● Work item
Would you reproduce exactly, and only, the lines starting at the one with "Free Aristotle - Pleasure" and ending at the last line of the data, with both included? Leave the pictures out.

------ Data block ------

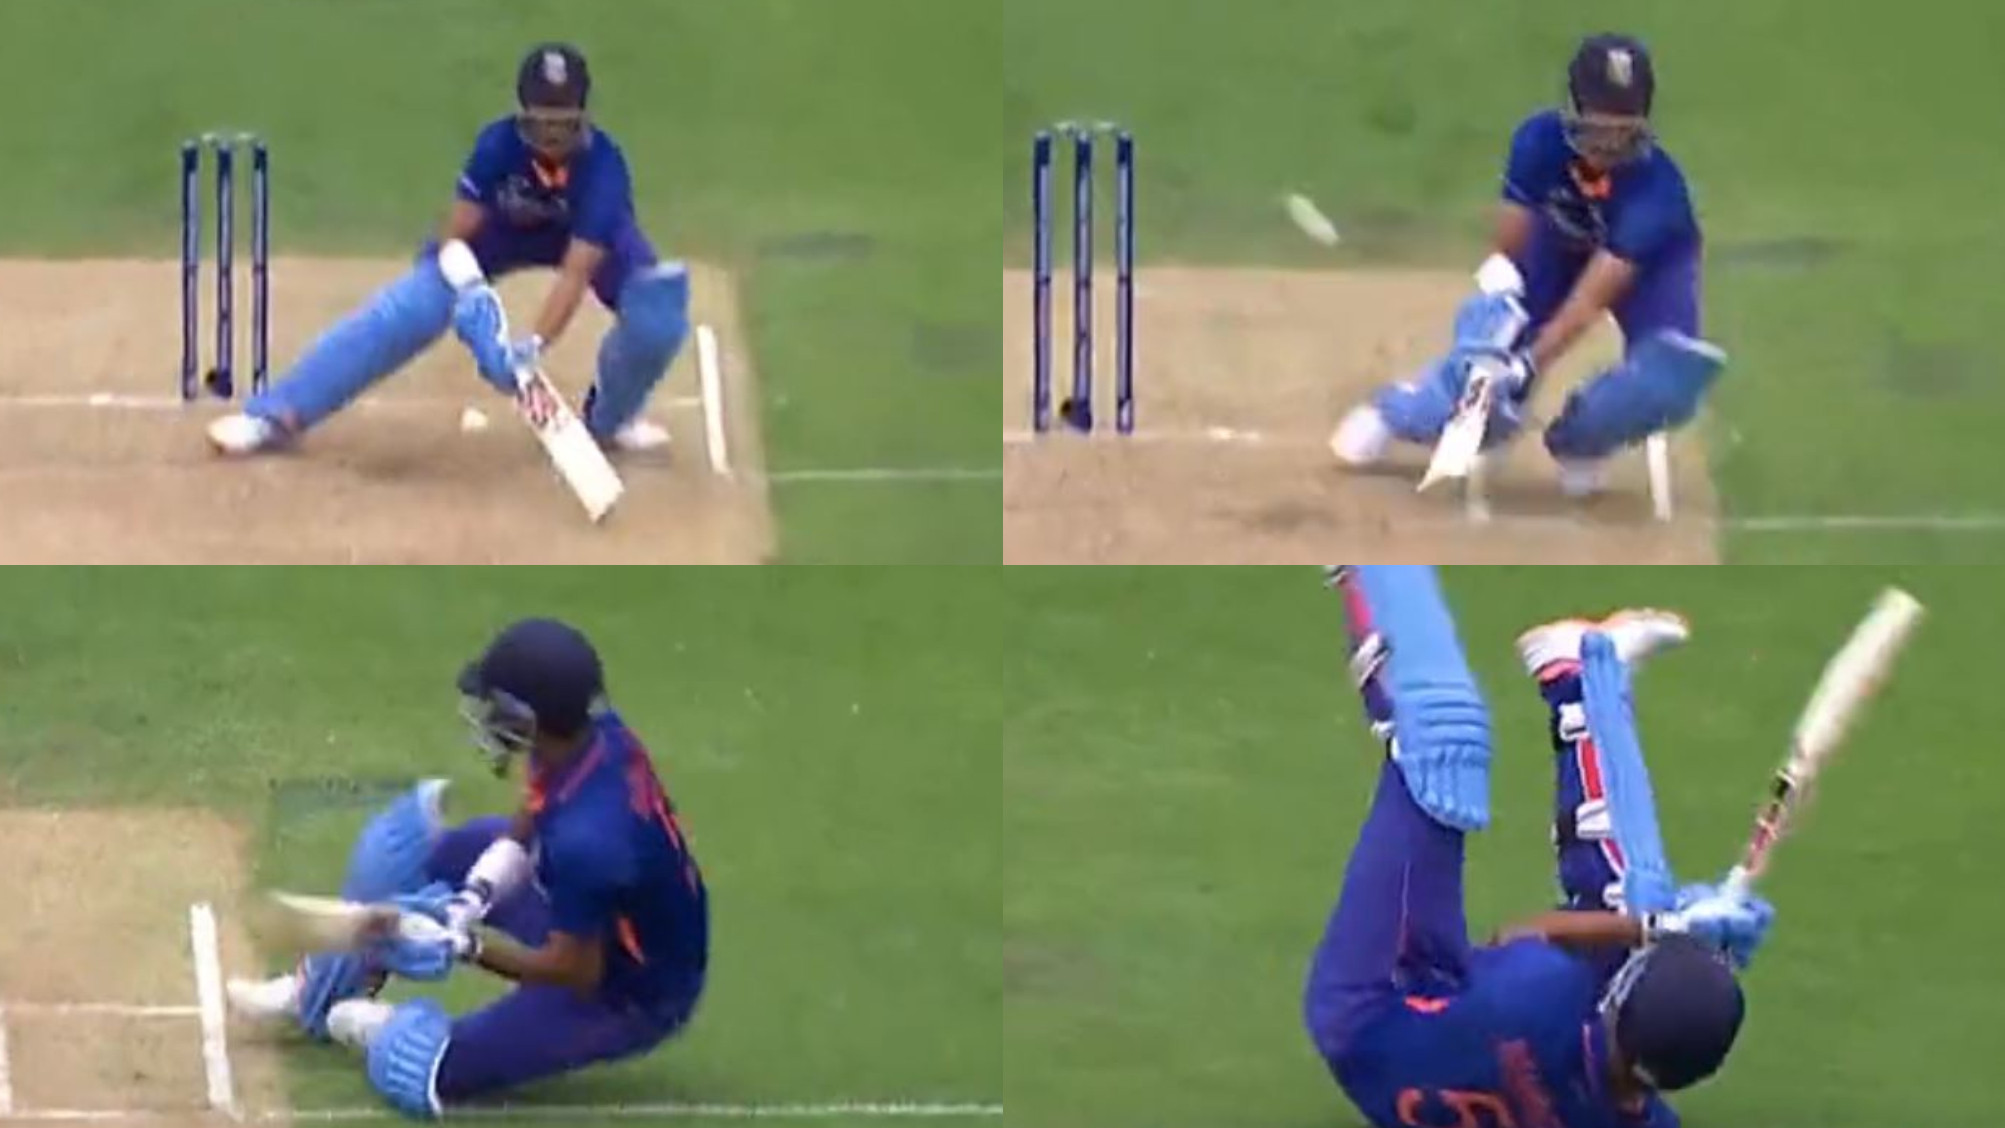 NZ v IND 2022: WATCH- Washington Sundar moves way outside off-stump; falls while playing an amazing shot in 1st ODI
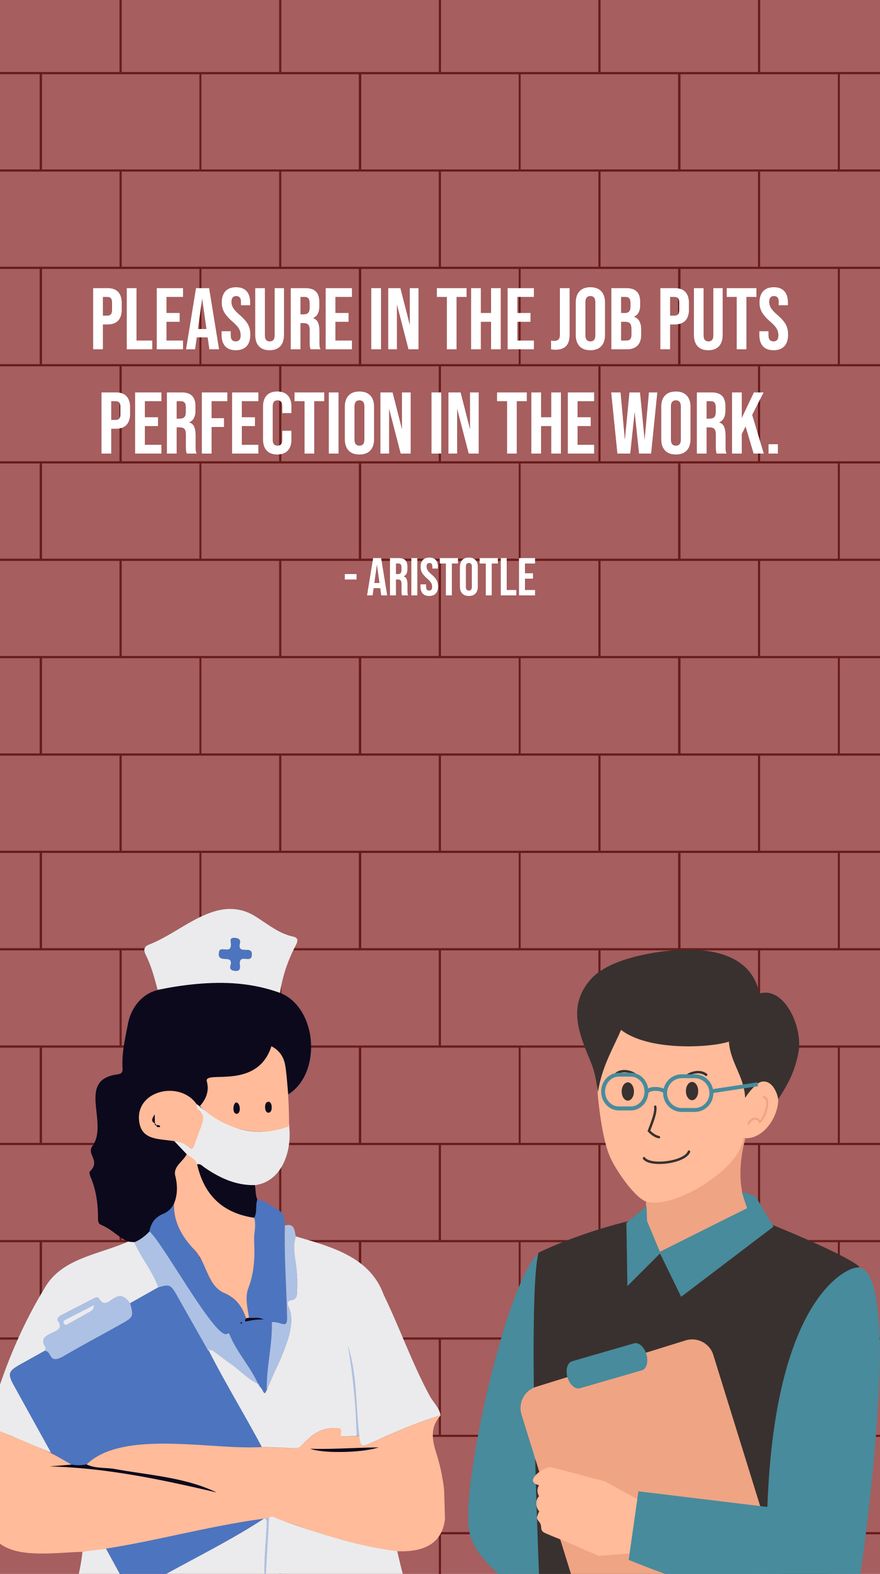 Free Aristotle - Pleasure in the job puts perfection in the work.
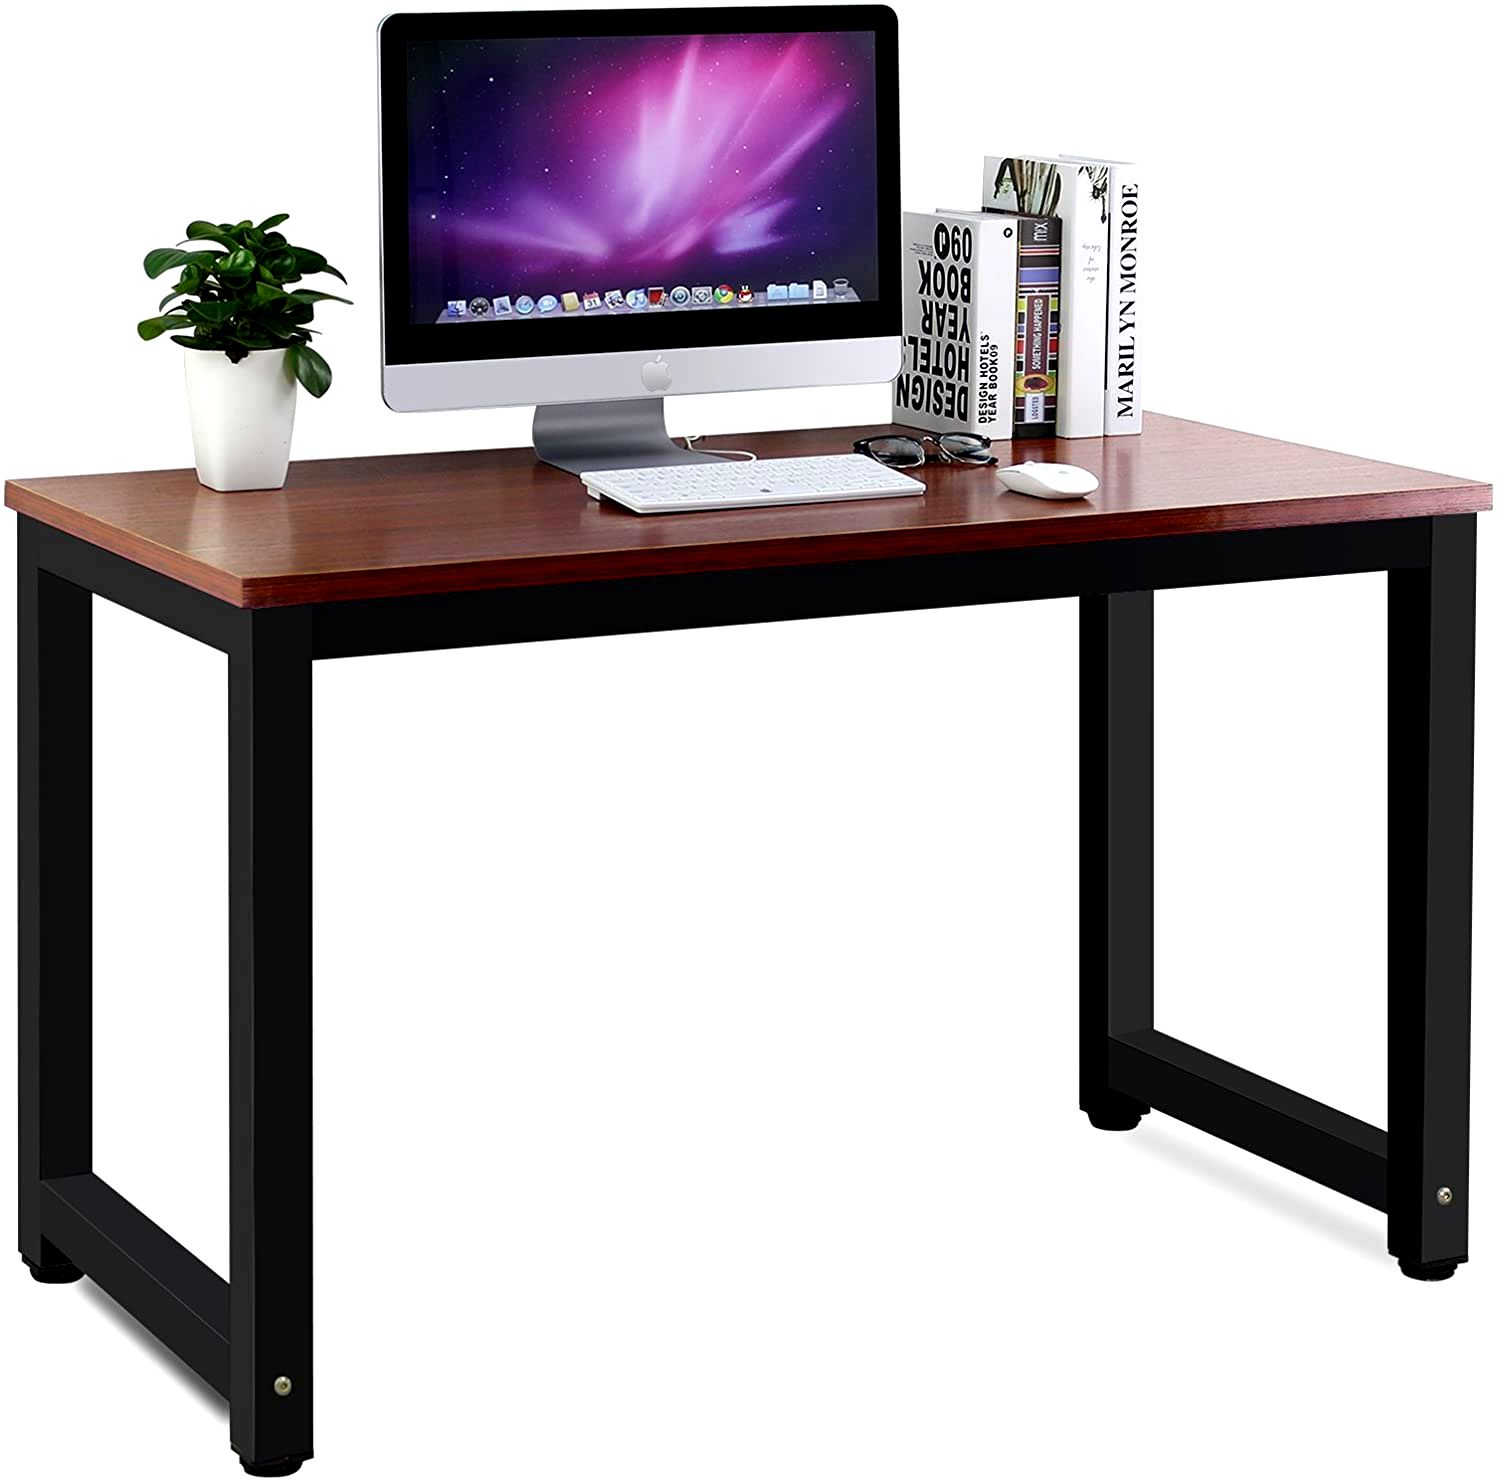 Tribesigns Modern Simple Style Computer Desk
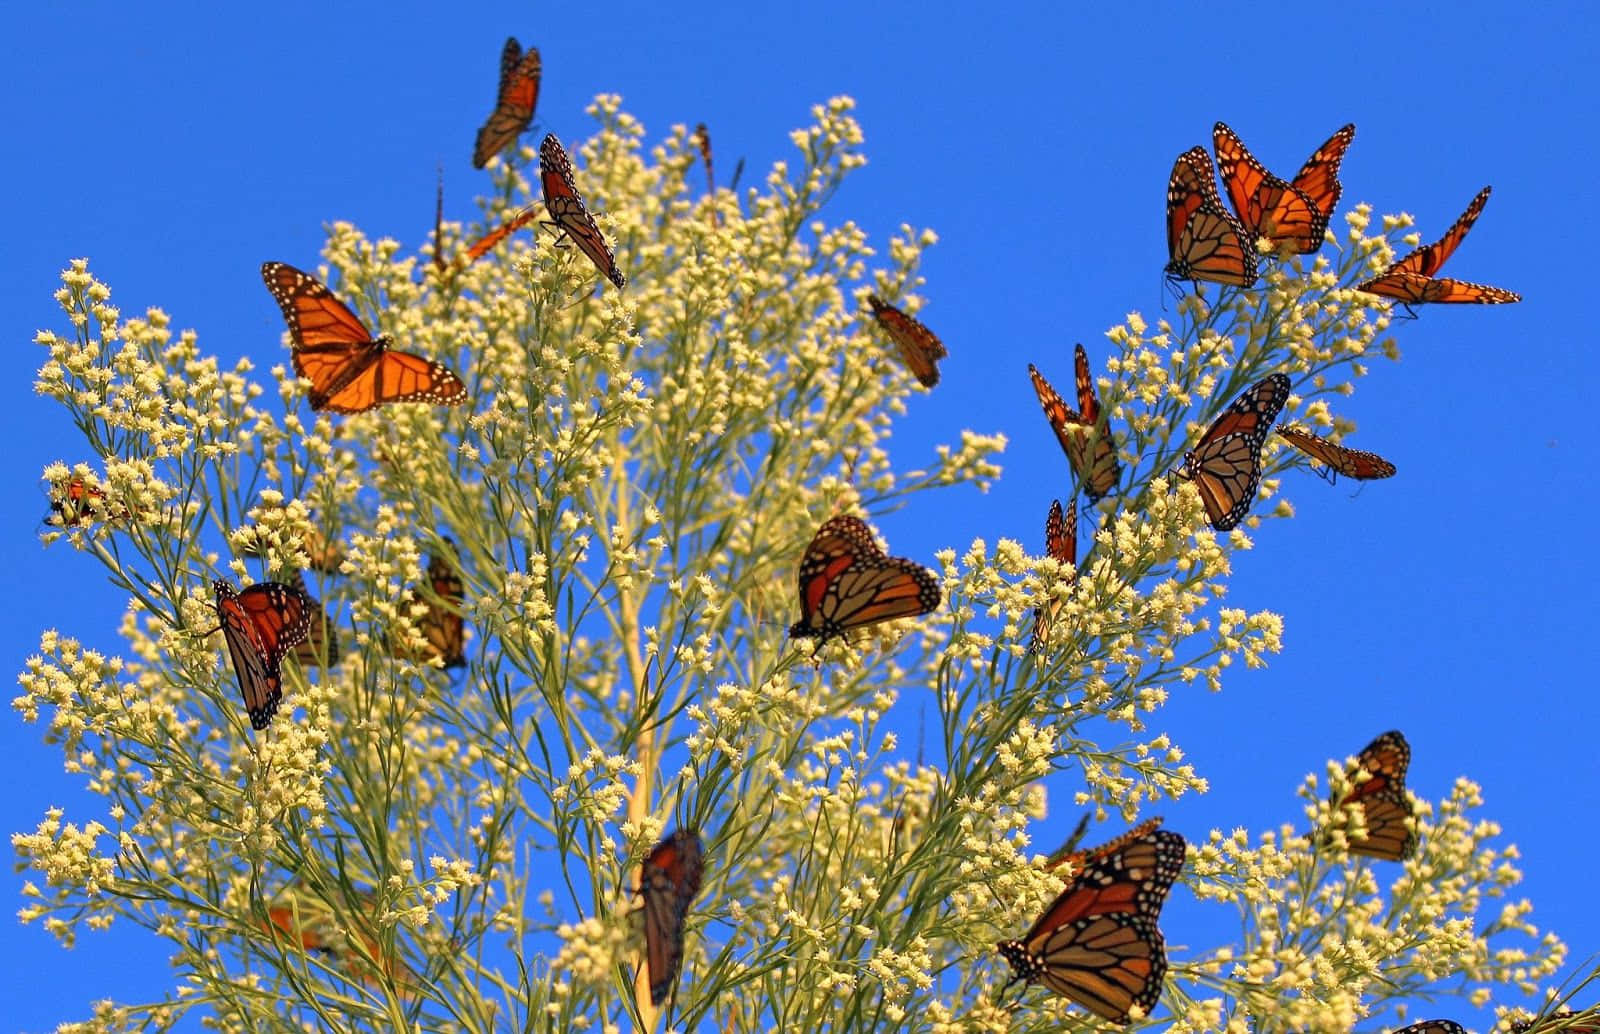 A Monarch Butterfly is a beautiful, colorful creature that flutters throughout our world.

------

● Result for this task
 Free Aristotle - Pleasure in the job puts perfection in the work.
 Tribesigns Modern Simple Style Computer Desk
 A Monarch Butterfly is a beautiful, colorful creature that flutters throughout our world.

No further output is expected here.